Speeding up innovation time is essential in an age of shortening product life cycle. Being early can pay off. One study found that products that came out six months late but on budget earned an average of 33% less profit in their first 5years; product that came out on time but 50% over budget cut their profits by only 4%.

Most studies indicate that the market pioneer gains the most advantage. Companies like Campbell, Coca-Cola, Hallmark, and developed sustained market dominance. Carpenter and Nakamoto found that 19 out of 25 companies who are market leaders in 1923 were still the market leaders in 1983, 60 years later. Robinson and Min found that in a sample of industrial-goods businesses, 66% of pioneers survived at least 10 years, versus 48% of the early followers.

The sources of the pioneer’s advantage are:

Early users recall the pioneer’s brand name if the product satisfies them. The pioneer’s brand also establishes the attributes the product class should posses. The pioneer’s brand normally aims at the middle of the market and so captures more users. Customer inertia also plays a role; and there are producer advantages: economies of scale, technological leadership, patents, ownership of scarce assets, and other barriers to entry. Pioneers can have more effective marketing spending and enjoy higher rates of consumer repeat purchases. An alert pioneer can maintain its leadership indefinitely by pursuing various strategies.

The pioneer advantage, however, is not inevitable. Look at the fate of Bowmar (hand calculators), Apple’s Newton (personal digital assistant), Netscape (Web browser), Reynolds (ballpoint pens), and Osborne (portable computers), market pioneers who were overtaken by later entrants.

28 industries were studied by an expert where the imitators surpassed the innovators. He found several weakness among the falling pioneers, including new product that were too crude, were improperly positioned, or appeared before there was strong demand; product-development costs that exhausted the innovator’s resources; a lack of resources to compete against entering larger firms; and managerial incompetence or unhealthy complacency.

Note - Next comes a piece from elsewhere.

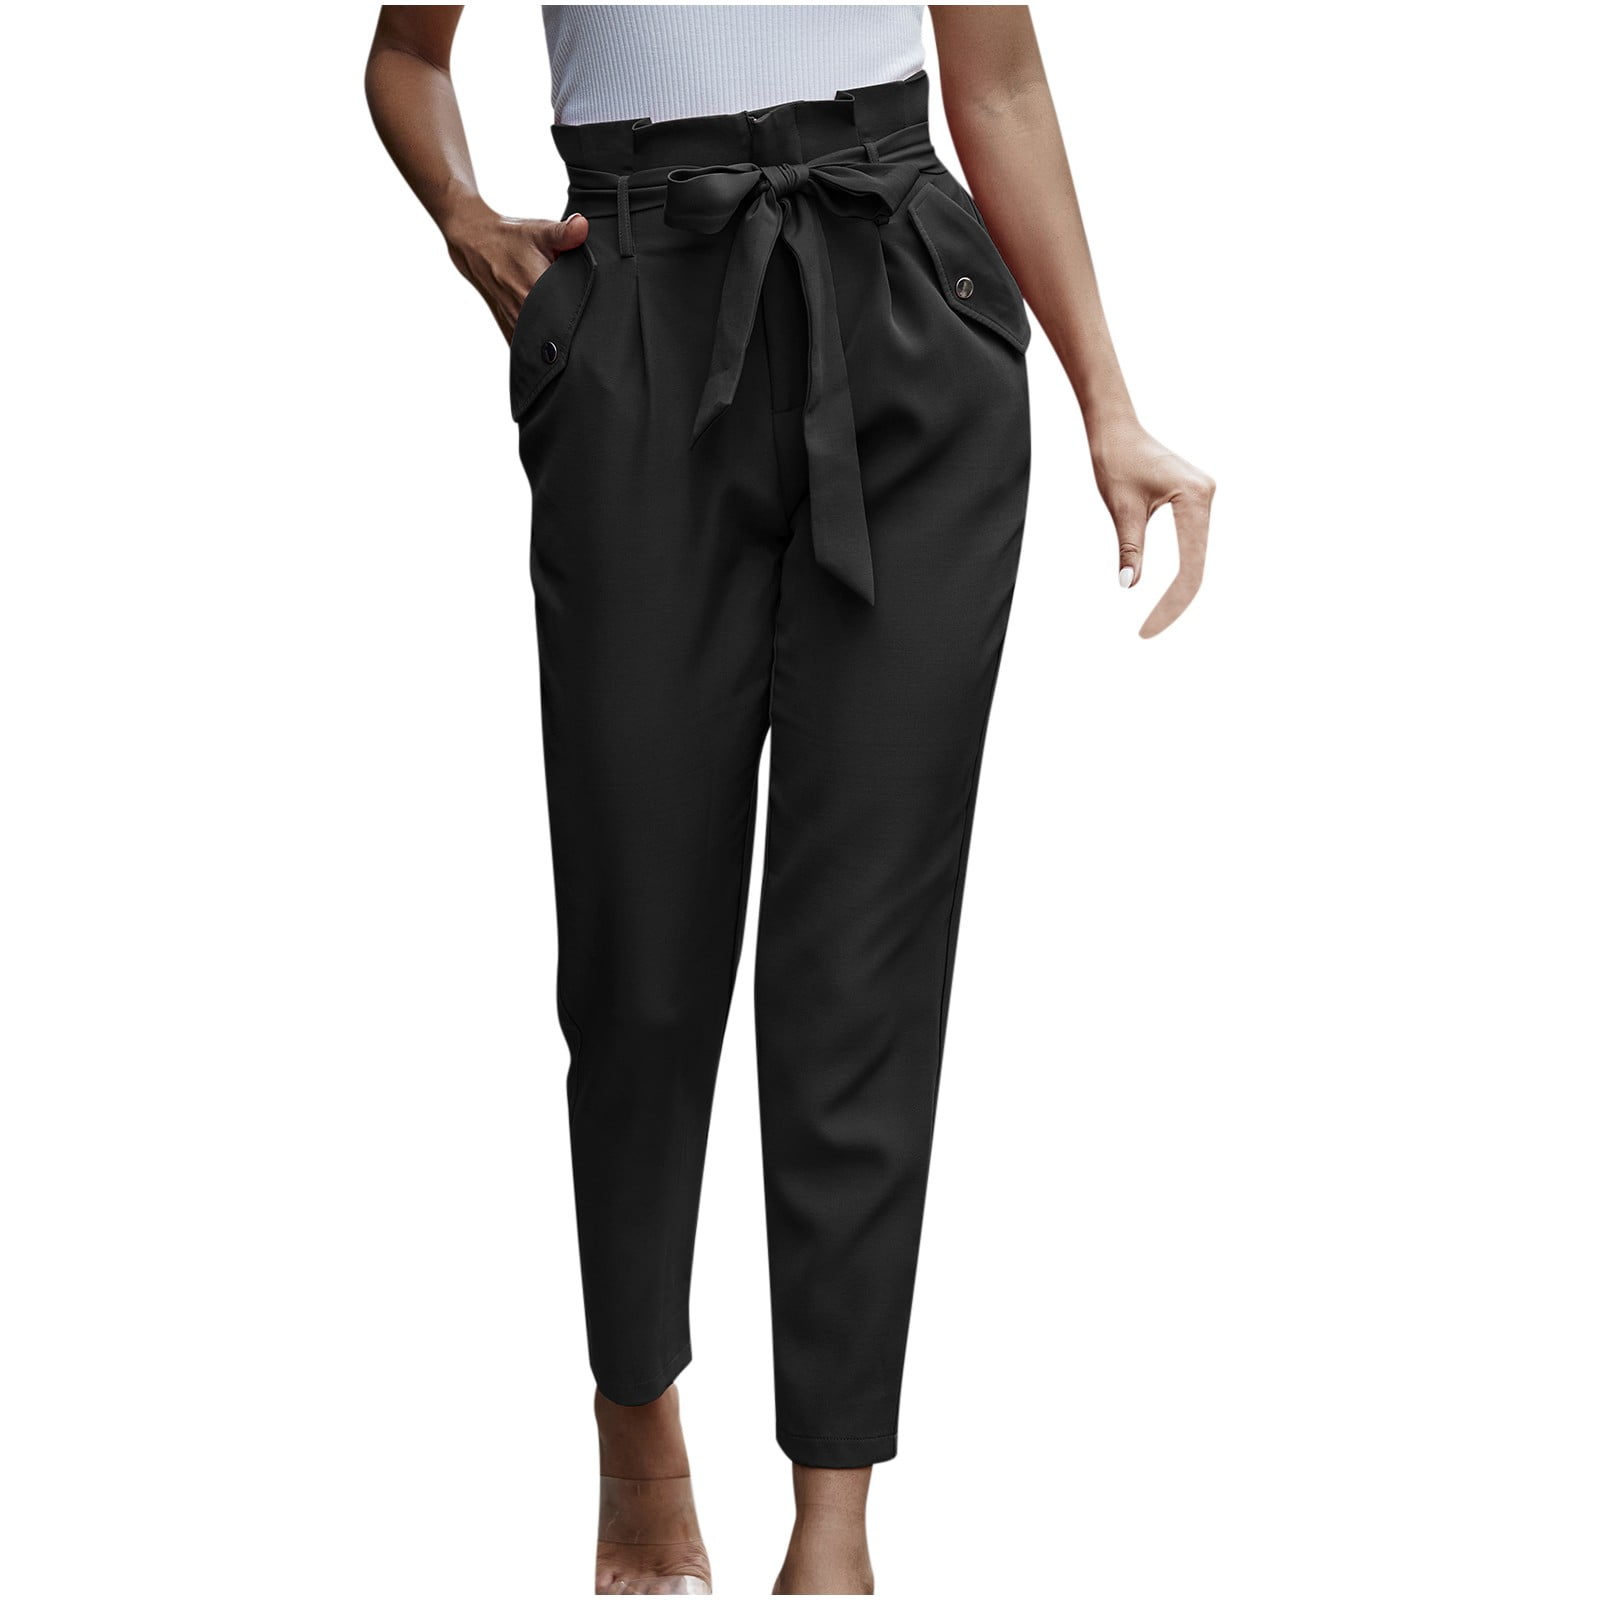 Aayomet Dress Pants Women Ladies Autumn And Winter Style Lace Up Pocket  Tooling Long Solid Color Casual Elastic Beach Pants,Black XL

Successful imitators thrived by offering lower prices, improving the product more continuously, or using brute market power to overtake the pioneer. None of the companies that now dominate in the manufacture of personal computers—including Dell, GATEWAY, AND Compaq—were first movers.

There are doubts about the pioneer advantage. They distinguish between an inventor (first to develop patents on a new-product category), a product pioneer (first to develop a working model), and a market pioneer (first to sell in the new-product category). They also include non surviving pioneers in their sample. They conclude that although pioneers may still have a advantage, a large number of market pioneers fail than has been reported and a larger number of early market leaders (though not pioneers) succeed.

Examples of later entrants overtaking market pioneers are IBM over Sperry in mainframe computers, Matsushita over Sony in VCRs, and GE over EMI in CAT scan equipment.

The pioneer should visualize the various product markets it could initially, knowing that it cannot enter all of them at once. Suppose market-segmentation analysis revealed, the pioneer should analyze the profit potential of each product market singly and in combination and decide on a market expansion. In a more recent study, the following five factors are identified as underpinning long term market leadership, vision of a mass market, persistence, relentless innovation, financial commitment and asset leverage.